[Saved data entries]
+ + + + + + +

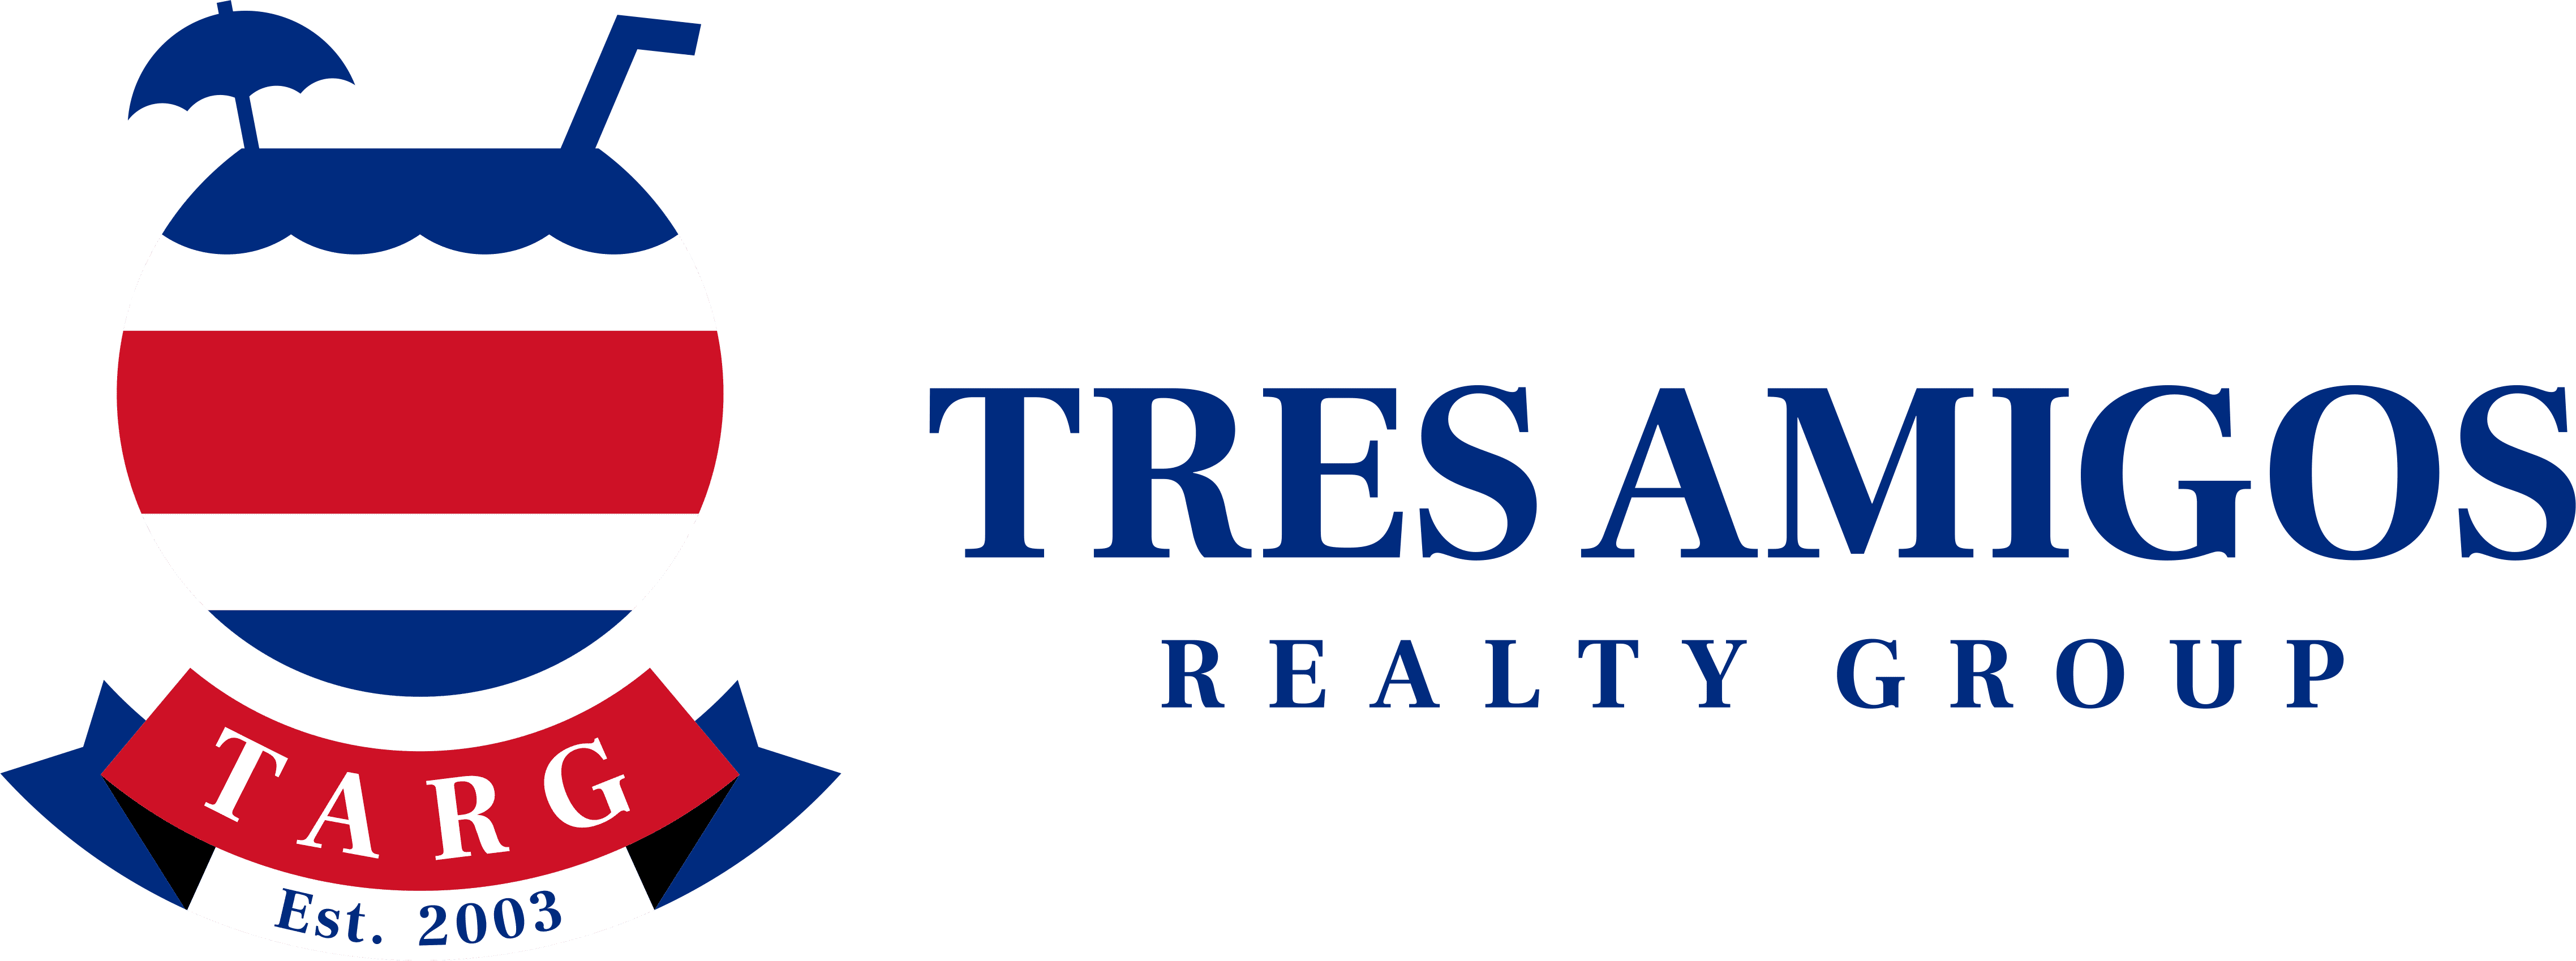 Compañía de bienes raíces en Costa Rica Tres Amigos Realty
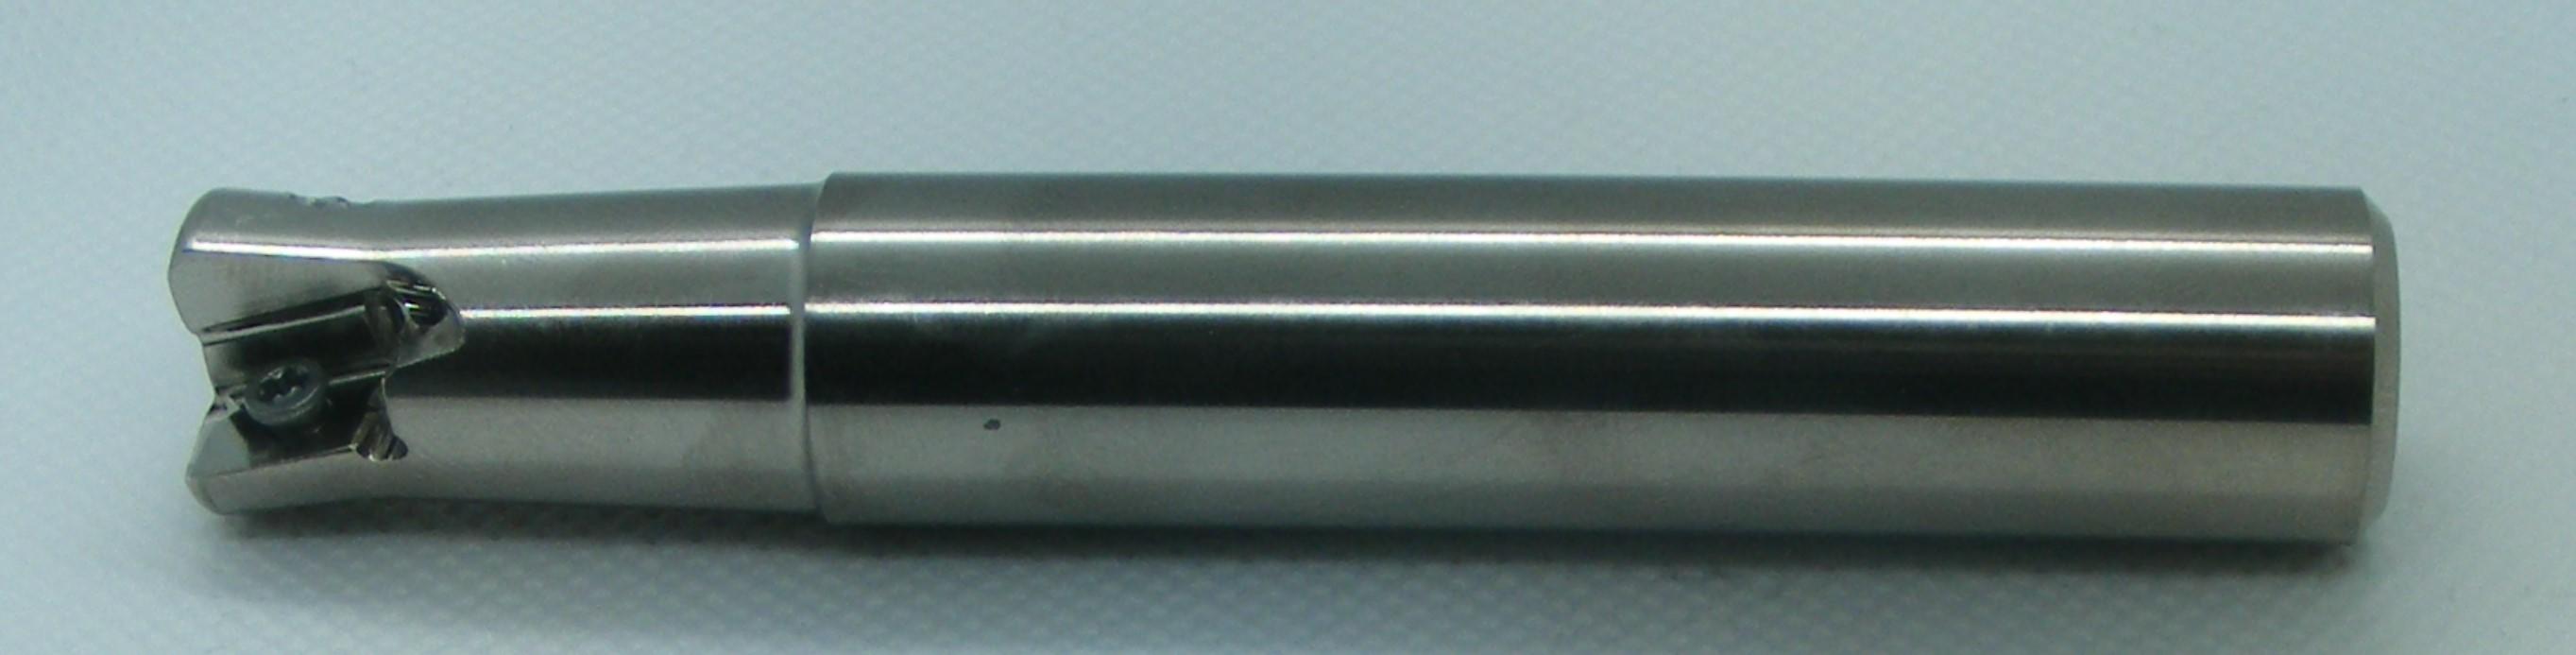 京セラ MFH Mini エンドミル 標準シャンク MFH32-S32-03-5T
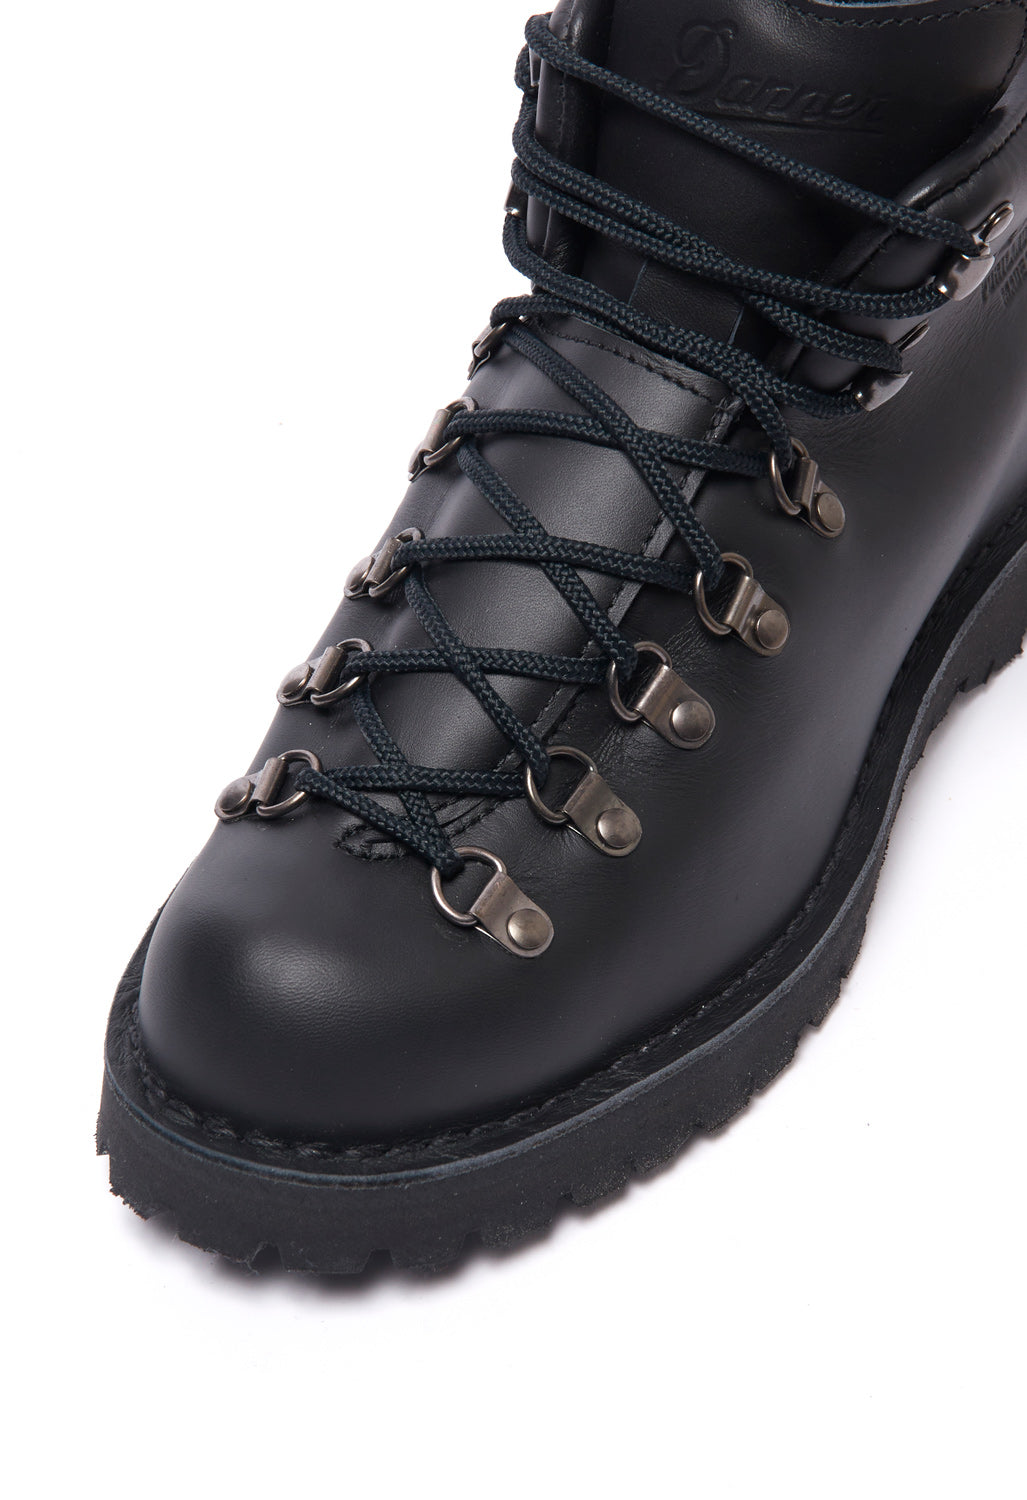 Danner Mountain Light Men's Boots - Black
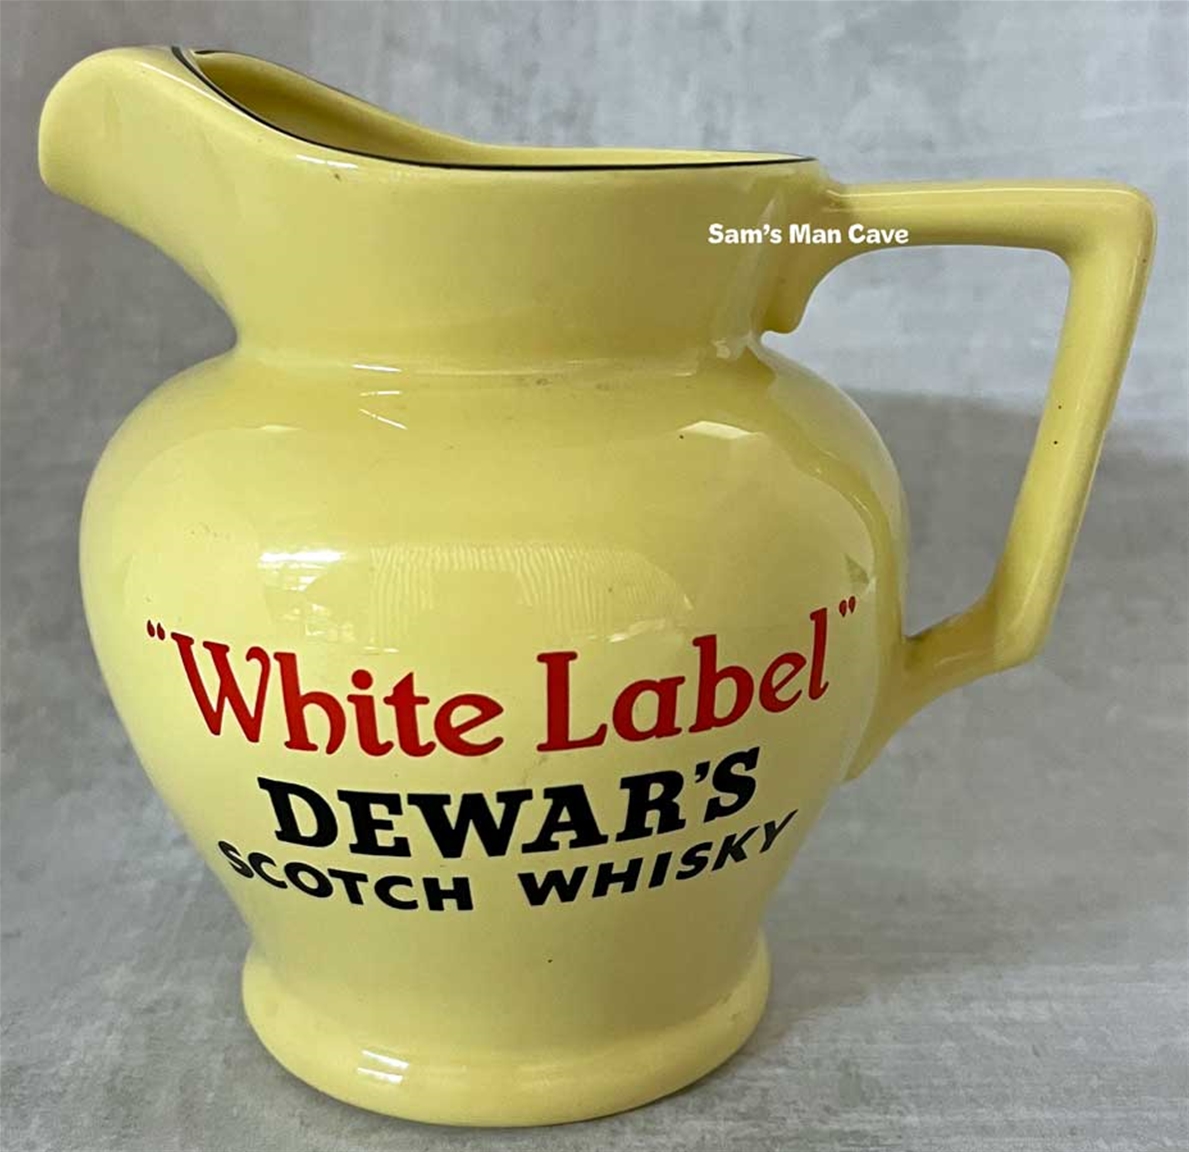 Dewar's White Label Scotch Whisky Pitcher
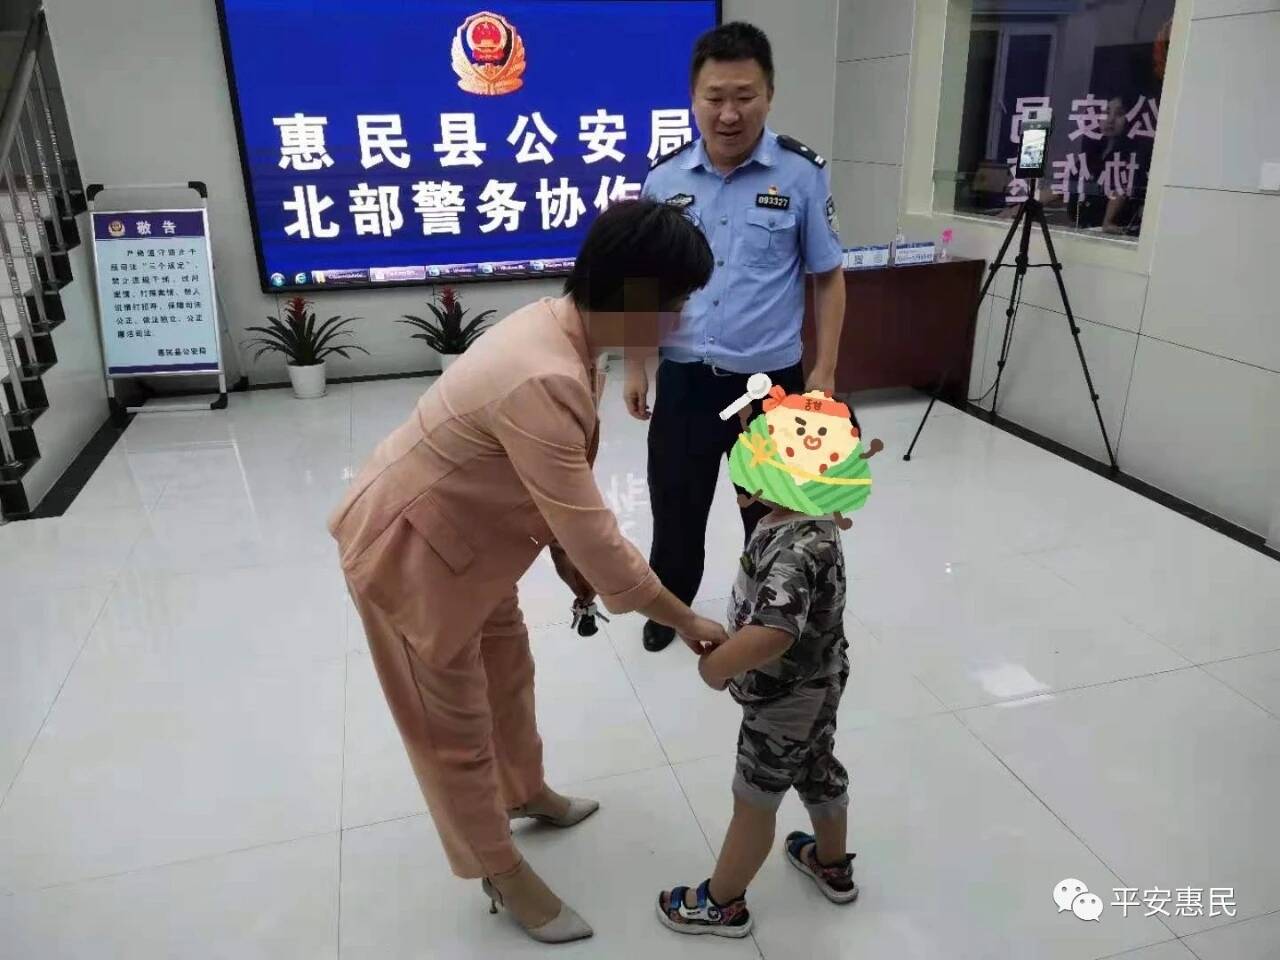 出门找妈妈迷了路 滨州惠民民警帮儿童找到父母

+ + + + + + +

Exercise prompt. Within the entries above, the lines from the one with "京セラ MFH Mini エンドミル 標準シャンク MFH32-S32-03-5T" through the final line are to be printed exactly, with the pictures removed.

Completed exercise.
 京セラ MFH Mini エンドミル 標準シャンク MFH32-S32-03-5T
 Danner Mountain Light Men's Boots - Black
 Dewar's White Label Scotch Whisky Pitcher
 出门找妈妈迷了路 滨州惠民民警帮儿童找到父母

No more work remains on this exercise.